A young girl asks her father, "Why is it so cold in the house?" "We don't have any coal", he says. "But why is there no coal?", she wants to know. "Because I lost my job", he replies. Still unsatisfied, she asks one more time—"And why did you lose your job?" To which he answers, "Because there is too much coal".
Boss to employee: "Young man, you have risen very fast in this company. Two years ago, you began as an office boy. In a couple of months, you were a clerk. Then, you became a salesman, after that assistant manager, then manager. Now you are the vice president of the company. What have you to say about all this?" Employee: "Thanks, Dad".
Question: How many capitalists does it take to screw in a light bulb? Answer: None, since we don't need capitalists to screw in light bulbs or any thing else that really needs doing in our society.
Capitalism is a lot like an airplane in which the pilot announces to his passengers that he has two pieces of news to tell them. The good news is that they are traveling at the pre-established speed of 600 miles an hour and all the systems on the plane are functioning perfectly. The bad news is that they are lost.
Student asks his principal, "Where is my teacher?". "Citywide layoffs", replies the principal. "My text books?" asks the student. "State austerity plan", says the principal. "Student loan?" continues the student. "Federal budget cuts", says the principal. Finally, exasperated, student asks, "But how am I going to get an education?". To which the equally exasperated principal replies, "This is your education".

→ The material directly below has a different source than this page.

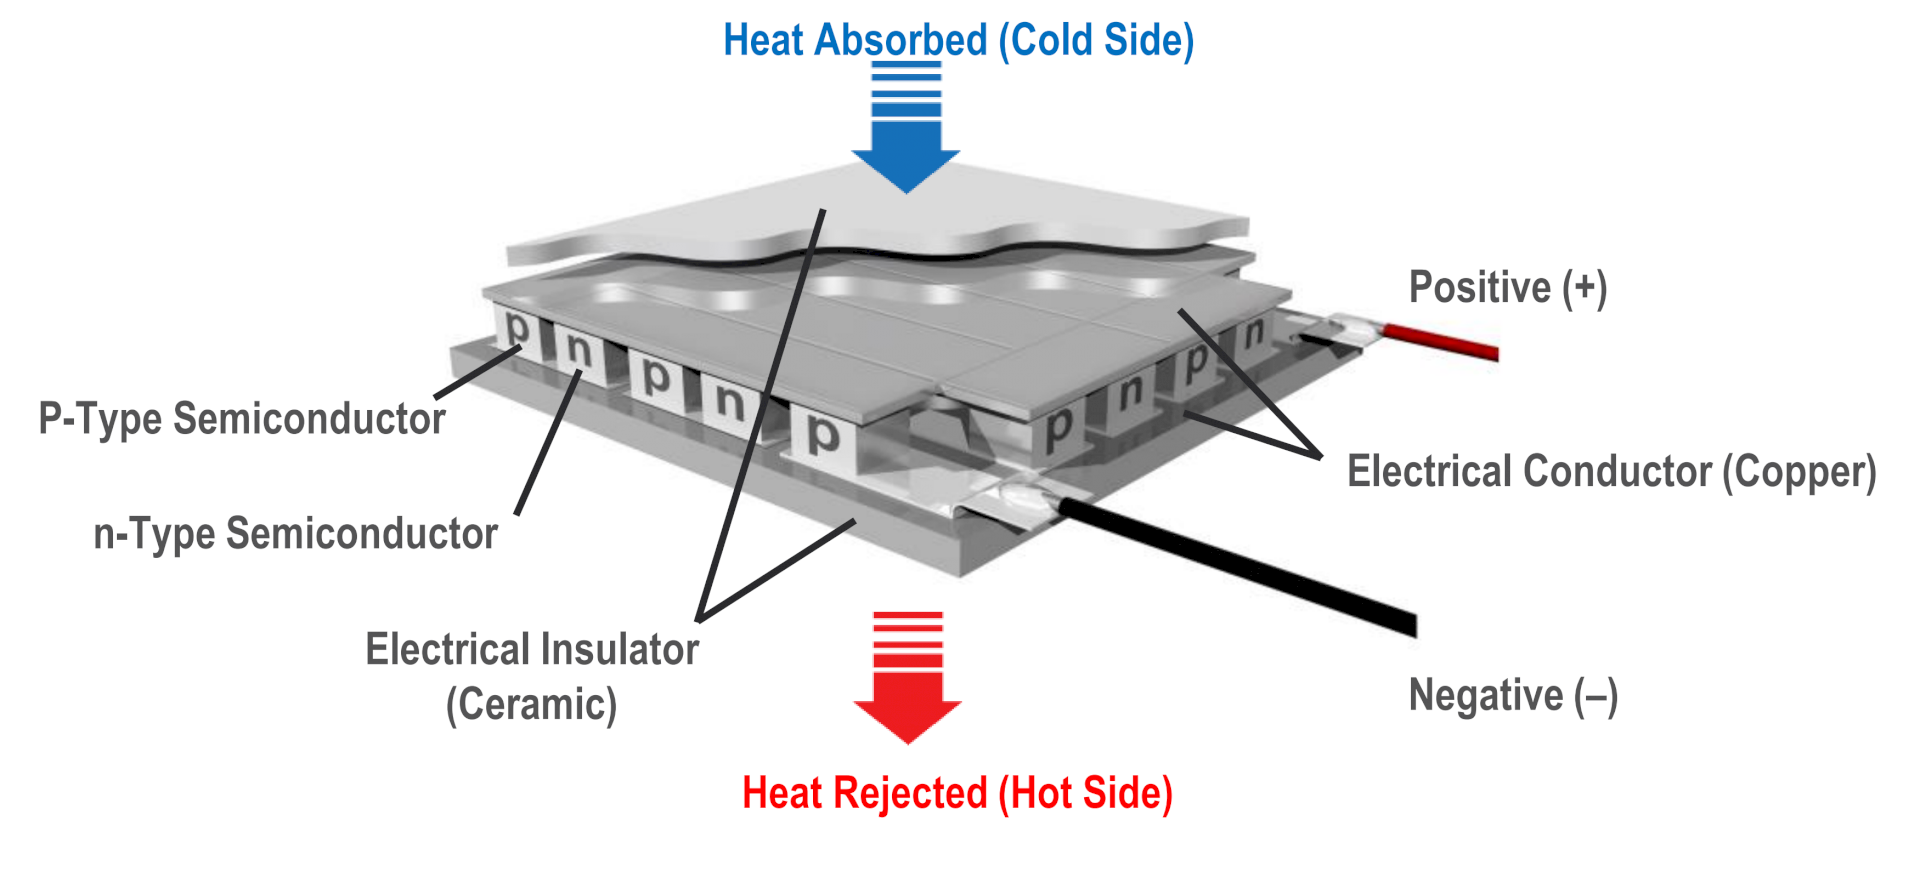 Kijk de replay van het webinar over Thermal Electric Coolers van Norbert Engelberts, thermisch expert

A capitalist is walking through his factory with a friend. Friend asks, "What did you tell that man just now?" "I told him to work faster", answers the capitalist. "How much do you pay him?" asks the friend. "Fifteen dollars a day" answers the capitalist. "Where do you get the money to pay him?" asks the friend. "I sell products", answers the capitalist. "Who makes the products?" asks the friend. "He does", answers the capitalist. "How many products does he make in a day?" asks the friend. "Fifty dollars worth", answers the capitalist. "Then", concludes the friend, "Instead of you paying him, he pays you thirty-five dollars a day to tell him to work faster". "Huh", and the capitalist quickly adds, "Well, I own the machines". "How did you get the machines?" asks the friend. "I sold products and bought them", answers the capitalist. "And who made those products?" asks friend. To which the capitalist can only respond—to his friend, but also to the media and to the schools—"Shut up! He might hear you".
A group of workers enter the boss's office and tell him that they have just taken over the factory. "You can't", says the boss. "I own it" "And how did you come to own it?" asks one of the workers. "It was left to me by my father", says the boss. "How did he get it?" asks the worker. "He got it from his father", says the boss. "And he?" asks the worker. "From his father", says the boss. "And he?" persists the worker. "He fought for it", says the capitalist in a burst of familial pride. "Well", say the workers, all together this time, "We'll fight you for it".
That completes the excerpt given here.